Article: Creating a Living Legacy #1: An Introduction to Career Documentation


County: All

Topic: Legacy & Estate Planning

Discipline:

Artist Trust is working to expand the awareness, discussion and management related to archiving and documenting artwork through the support of Joan Mitchell Foundation’s Creating a Living Legacy (CALL) program. The following information is excerpted from the CALL program’s support materials and provided as a resource for visual artists seeking legacy planning and archiving information.

Career documentation includes all aspects of your career as an artist. It is a system created to document, detail, and demonstrate the interconnection of your artwork, exhibition history, contacts and archives.

Many artists begin inventorying their work by creating photo documentation of artworks. Photographing and storing your artwork can be a first step in the documentation process, but it should not be confused with the creation of a complete archive. A comprehensive system of career documentation requires an overarching, organizational structure that documents all aspects of your career and catalogues their interconnection, including artwork and archive materials, sales and exhibition history, and contacts.

What is an archive?

An archive is what you will be compiling while you are in the process of career documentation. An archive is comprised of two parts:
• The physical inventory, which includes the artworks and archived materials documenting your career.
• The records, which are the means of tracking of everything in the physical inventory, both the artworks and archived materials.
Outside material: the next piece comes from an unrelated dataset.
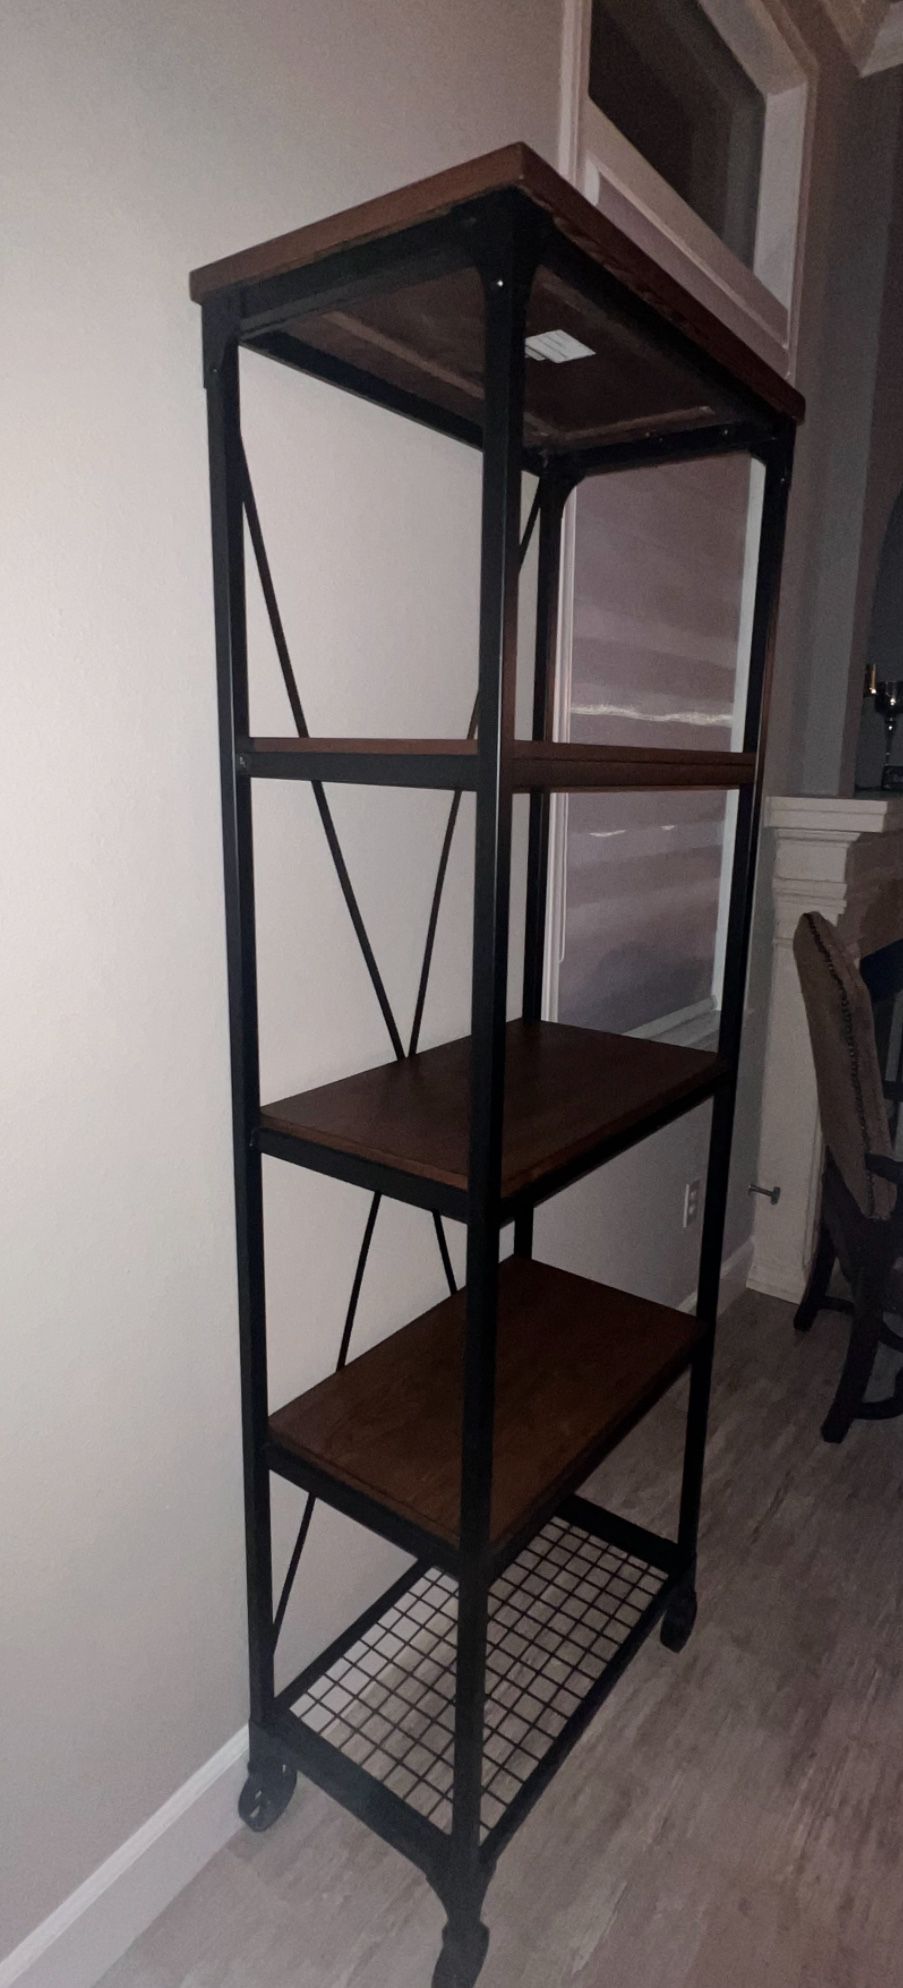 Bookcases or Bakers Rack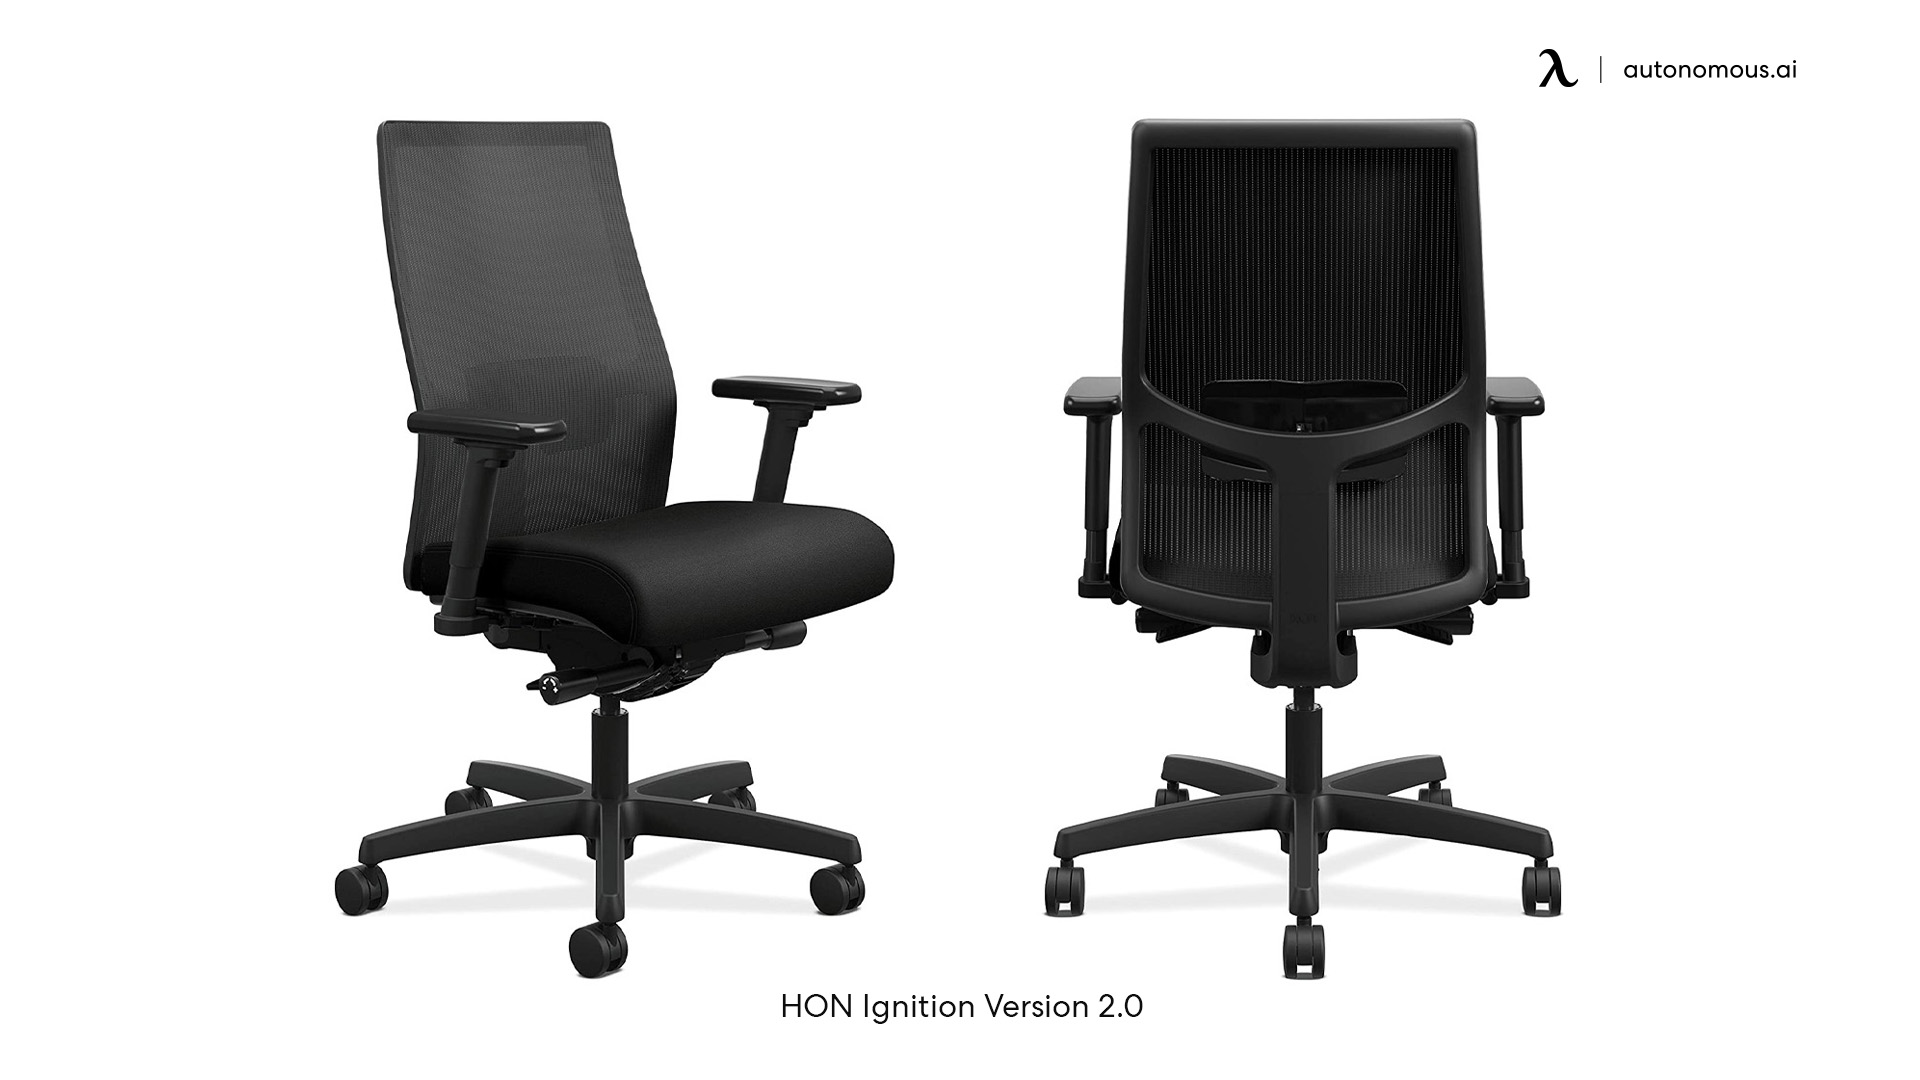 The HON Ignition 2.0 stylish home office chair

What are the key components of a successful archive?

A comprehensive archive of your work should include both a physical archive and a record-keeping system. The physical inventory includes the actual works of art still in your possession, but could also include catalogues, books, project proposals, correspondence, and other materials related to your career. The record-keeping system includes documentation on each artwork in the physical archive as well as art that you no longer own. This system also contains records of your contacts and information on your career.

Importance of documenting and archiving your work

Why go through this process of documenting both your work and career? The process of documenting your work is fundamentally about caring for your life’s work. On a practical level, the information that you gather can be crucial at any stage of your career. But what does this mean? Consider the following scenarios where career documentation is important at different points of an artist’s career:

The Emerging Artist:
• You may wish to apply for a grant, fellowship, and/or commission and need to present documentation of prior projects and work.
• You may be asked to give an artist’s talk.

The Mid-Career Artist:
• You may have the opportunity to create a book or catalogue of your work that surveys all or some aspect of your career.
• You may regularly get requests for your images to be used by other people, reproductions in a text book, art historical text, student papers or for educational purposes and lectures. Keeping good records of your images becomes necessary.

The Established Artist:
• A curator may visit your studio to plan a retrospective of your work.
• An art historian may ask for documentation of the work that was in a seminal art show many years ago.
• You may begin to consider what might happen to your work when you are no longer around.